Носик предложил мне выпить, в частности, упомянув, что водка, подававшаяся здесь, несомненно, кошерная. Я сказал, что она не кошерная, поскольку при её изготовлении, может быть, и не присутствовал еврей, на что Носик совершенно спокойно заявил, что еврей есть везде. После чего мы выпили, и даже существенно. Носик при этом демонстрировал знакомство с предметом, т. е. было видно, что это не юноша, который первый раз в жизни берёт стопку водки, а скорее закалённый боец. Очень он лихо всё это дело наворачивал.
Но в кипе Носик заявлялся не только на тусовки отцов-основателей Рунета, которых подобным аксессуаром трудно было шокировать, но и в администрацию президента и на Центральное телевидение, где, как мы помним, в конце девяностых только-только учились вместо «лица еврейской национальности» выговаривать «евреи».

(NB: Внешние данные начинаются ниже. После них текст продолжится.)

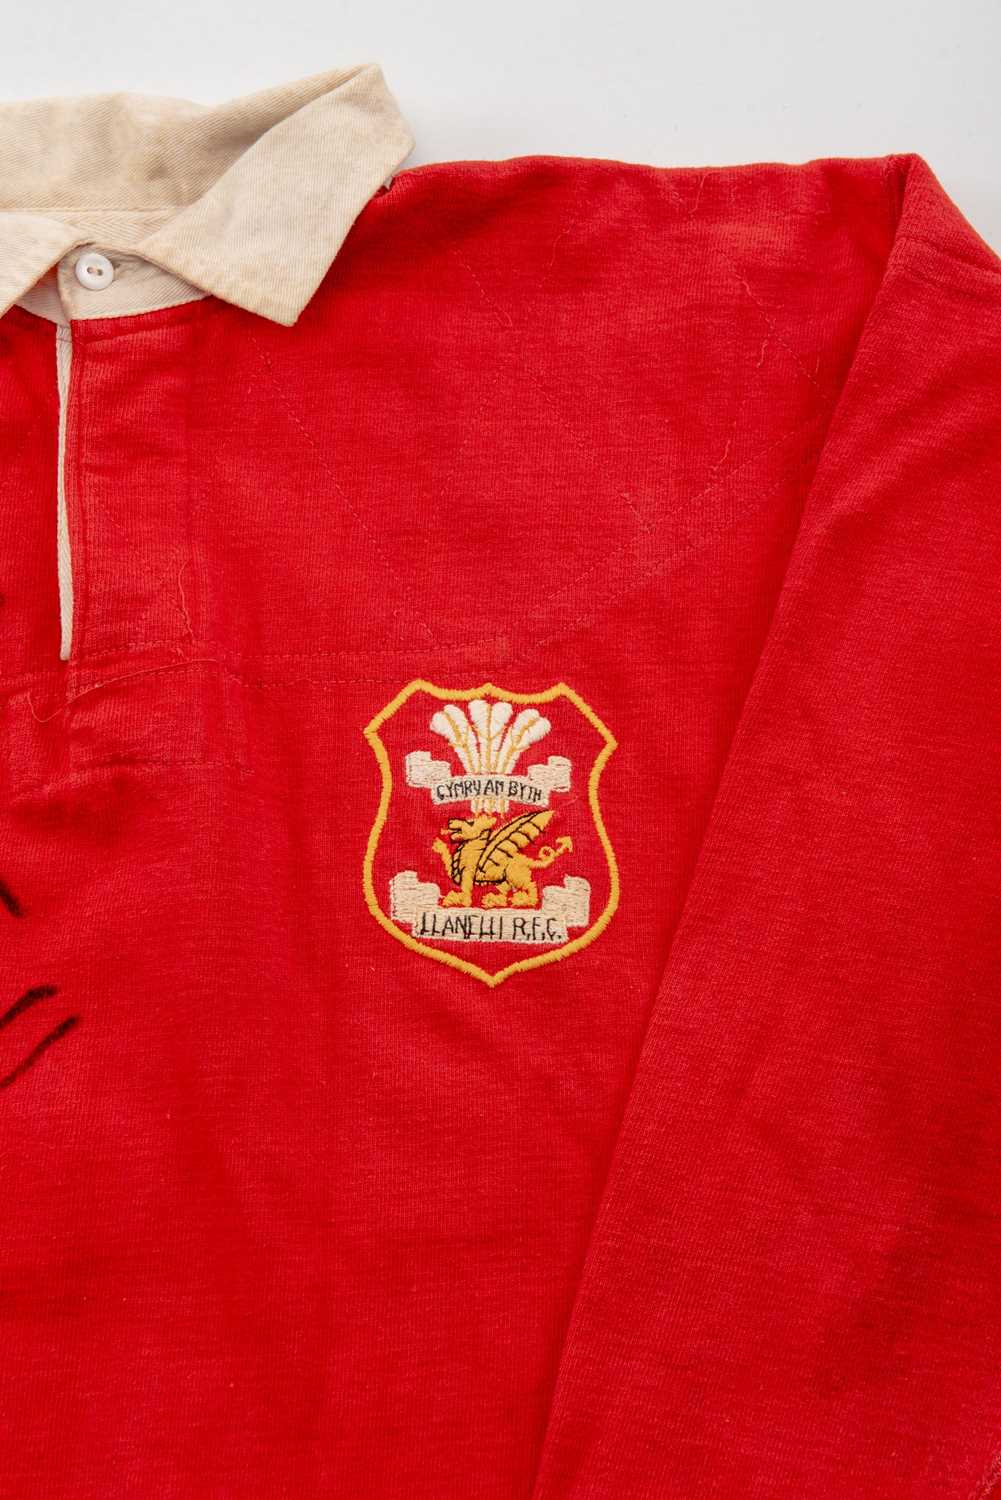 PHIL BENNETT | LLANELLI RFC 1974/75 Llanelli Rugby Union red jersey with white collar believed to be

Я хорошо помню, какое двойственное впечатление произвела на меня эта кипа при личном знакомстве с Носиком летом 1998 года, на квартире у редактора «Zhurnal.Ru» Евгения Горного. Я, разумеется, в отличие от Алексея Андреева, прекрасно знал, что это за «штука типа помятого компакт-диска». Не было для меня загадкой и то, как она крепится. Но для меня она тогда была частью религиозного ритуала, вроде талеса, носить которую подобает в синагоге, а не в повседневной, можно сказать – профанной обстановке, перемежая питьё водки матом и безостановочным курением. И, думаю, такая двойственная реакция была типичной при первом знакомстве с Антоном.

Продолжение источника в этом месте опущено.